Muy buenas tardes tengan todas y todos ustedes. Para el gobierno de México el evento que hoy nos congrega es de la mayor importancia. Reconoce, y nos permite hacerlo, la labor emprendida por la Comisión Interamericana de Derechos Humanos en favor de la promoción y protección de los derechos humanos de los pobladores de esta región. Y por ello nos congratulamos que haya aceptado la invitación de nuestro país, para sesionar en la Ciudad de México.

Invitación que ha llamado la atención de todo quienes aquí concurrimos, especialmente de muchos estudiantes de diversas carreras, que les ha llamado la atención dar seguimiento puntual a los trabajos y a las sesiones de la Comisión Interamericana de Derechos Humanos en México. Ello explica la presencia, en la cancillería, que mucho agradecemos, del secretario de Gobernación, Miguel Ángel Osorio Chong, a quien todavía estamos en oportunidad de desearle un muy feliz cumpleaños, toda vez que fue apenas el jueves. Muchas felicidades señor secretario, feliz cumpleaños y nuestros mejores deseos.

Y agradecemos muchos a Tracy Robinson, la presidenta de la Comisión Interamericana de Derechos Humanos. Visita por segunda ocasión México y estamos de verdad contentos de que haya aceptado la invitación para traer aquí a sesionar a la comisión.

Y agradecemos mucho la presencia a Jesús Murillo Karam, hoy procurador general de la República, pero ayer arquitecto relevante de mucho de nuestro andamiaje legal en materia de derechos humanos.

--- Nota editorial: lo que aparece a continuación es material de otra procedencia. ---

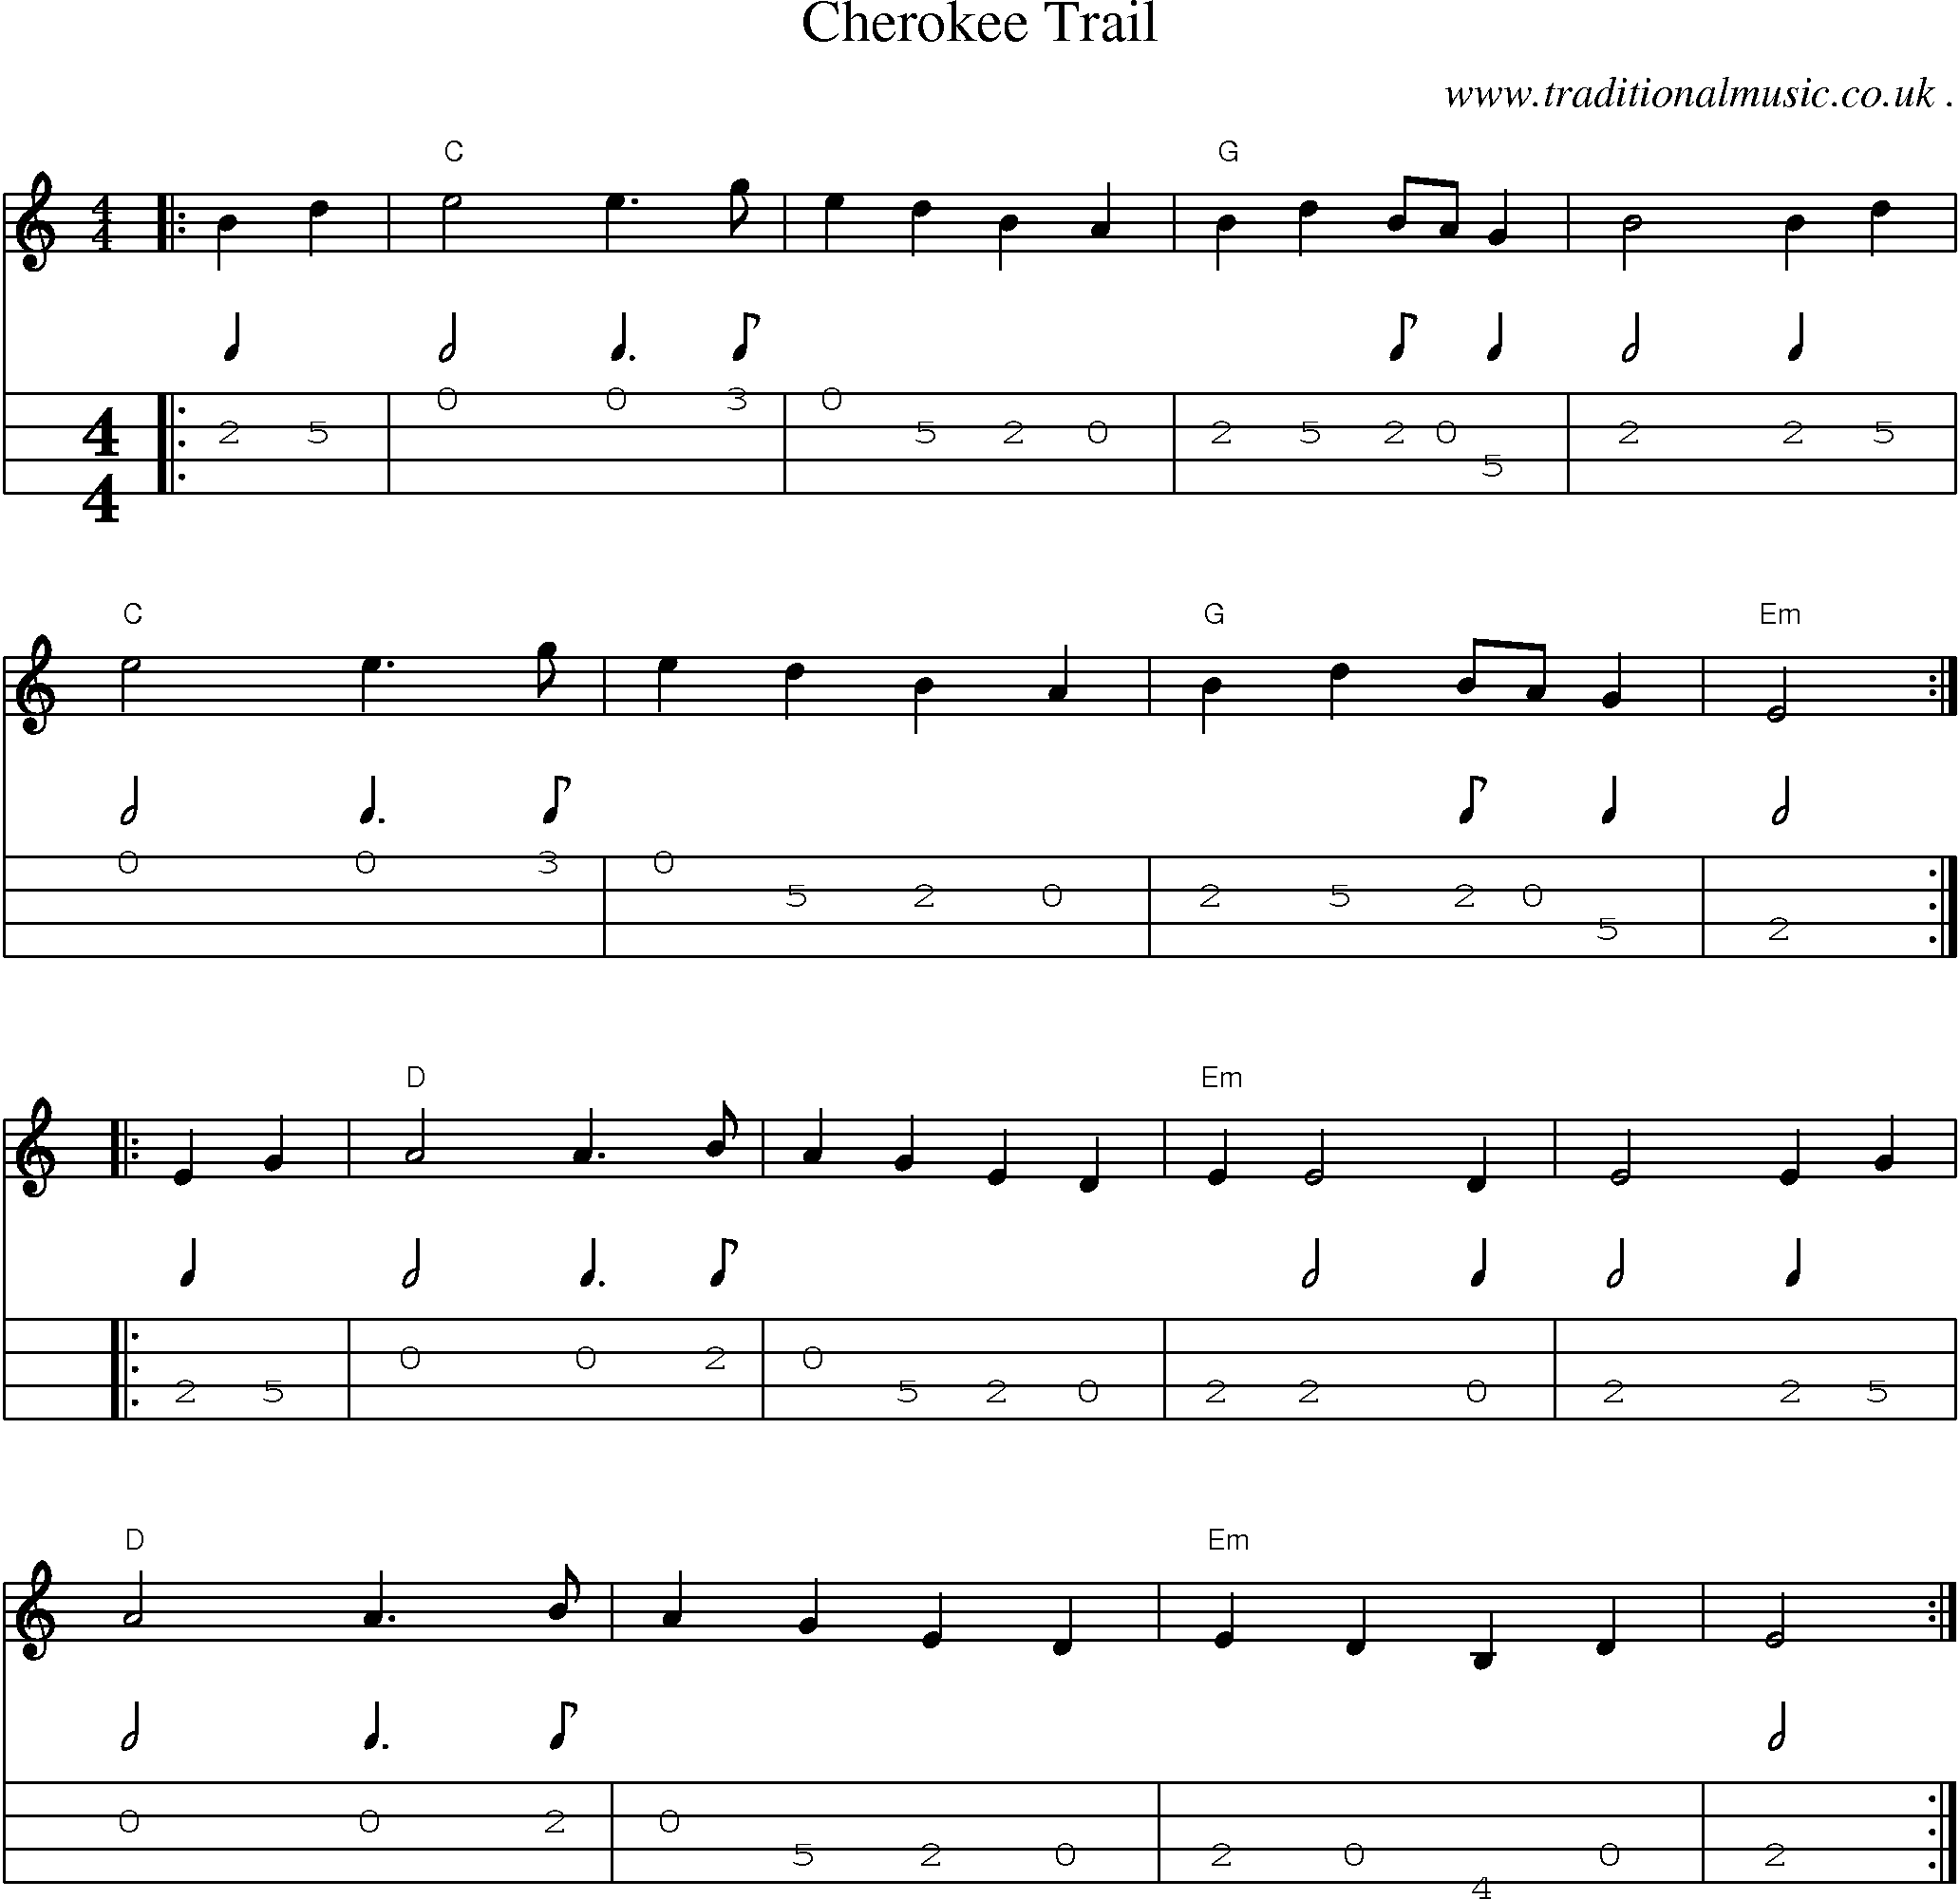 Music Score and Guitar Tabs for Cherokee Trail
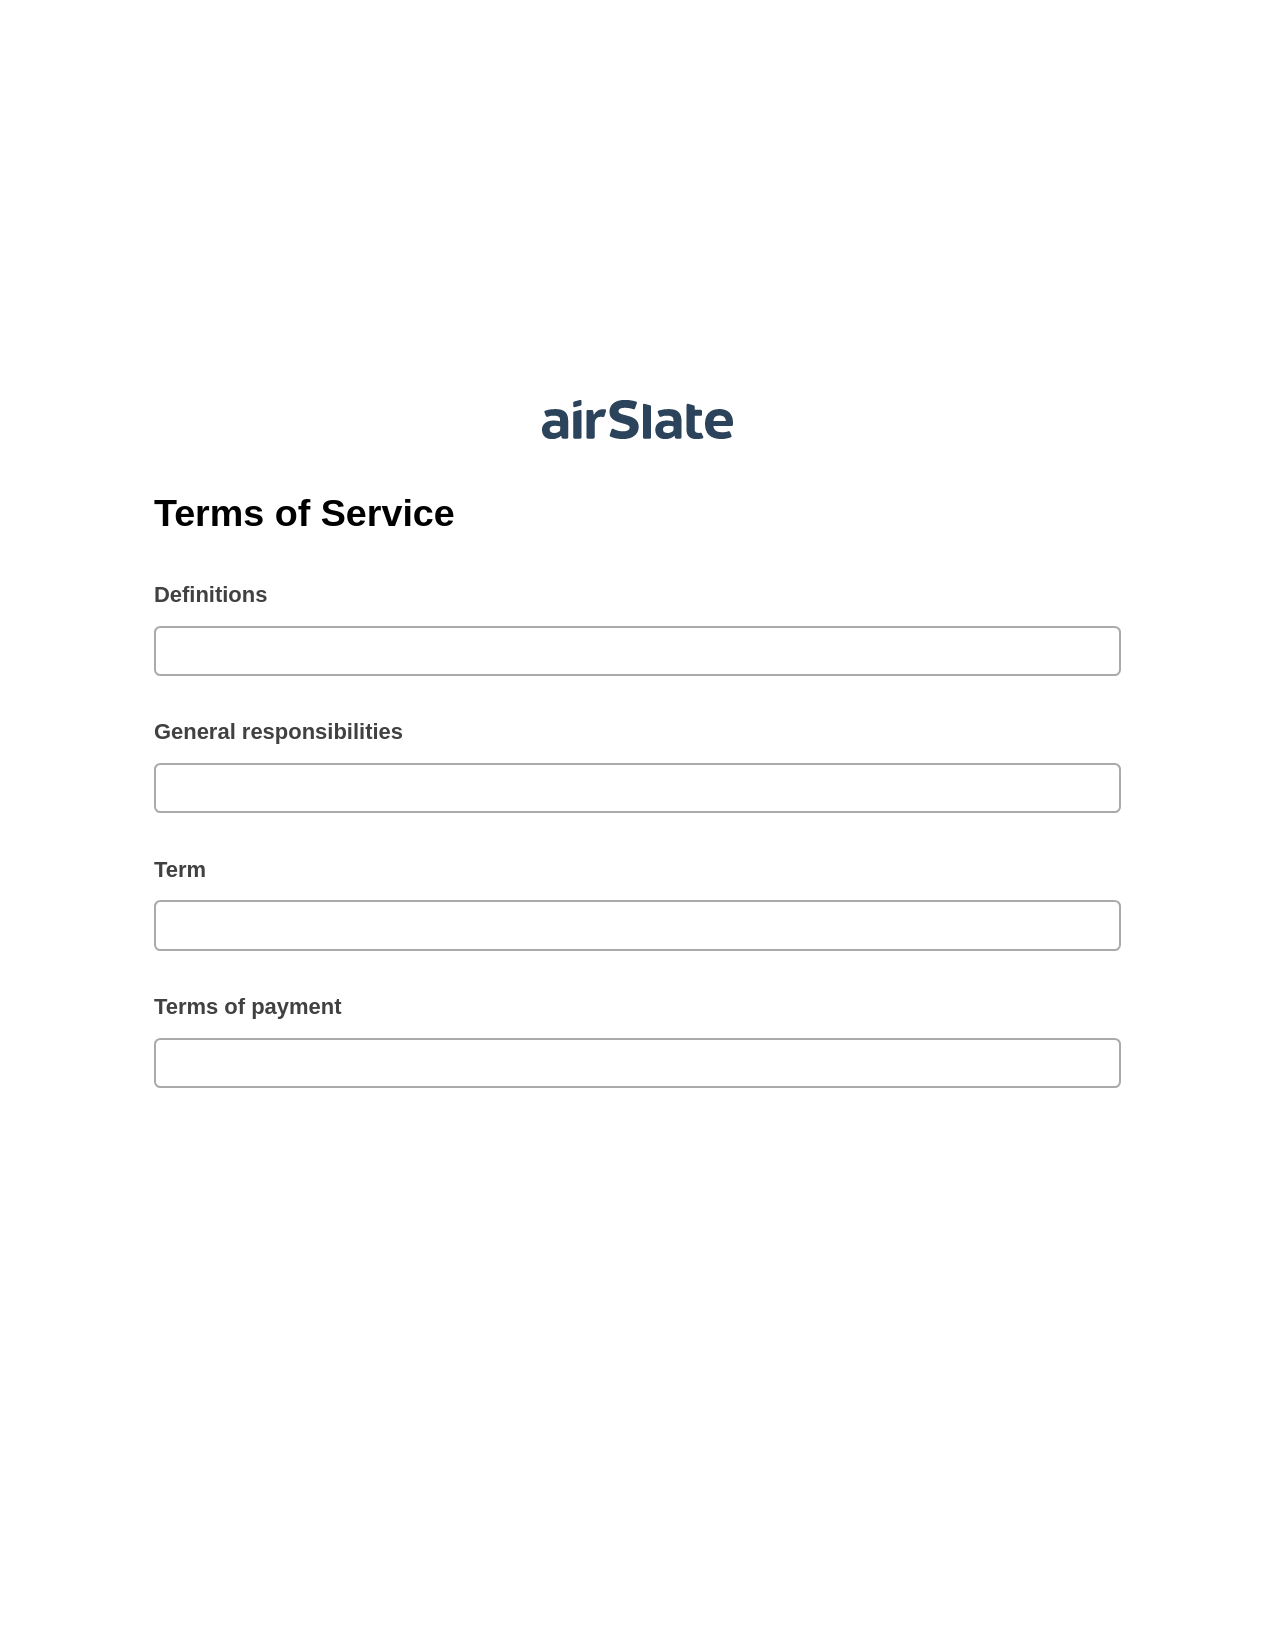 Multirole Terms of Service Pre-fill Slate from MS Dynamics 365 Records Bot, Send a Slate to Salesforce Contact Bot, Google Drive Bot

Le agradecemos muchos al senador Raúl Cervantes Andrade, presidente del Senado, con su presencia da fe de que el trabajo, y la construcción de los derechos humanos, es un trabajo que involucra al Poder Ejecutivo y al Poder Legislativo. Y por eso también nos da mucho gusto que esté la senadora Angélica de la Peña, quien preside la Comisión de Derechos Humanos del Senado de la República.

Y celebrar que esté aquí, y que participe, Raúl Plasencia, el presidente de la Comisión Nacional de Derechos Humanos, y Raúl González Pérez, abogado general de la Universidad Nacional Autónoma de México. Él viene a presentar una queja ante la comisión por lo mal que están jugando los pumas. A ver si nos puede ayudar en este proceso.

Sean bienvenidos todos ustedes a México.

México es el país, en los últimos años, que ha sido de los que más ha colaborado con los mecanismos especializados en materia de derechos humanos del sistema internacional. Nuestro nivel de apertura al escrutinio internacional, y de cooperación con la OEA y las Naciones Unidas, difícilmente se observa en otro país de este continente. De hecho, difícilmente se observa en otro país del mundo.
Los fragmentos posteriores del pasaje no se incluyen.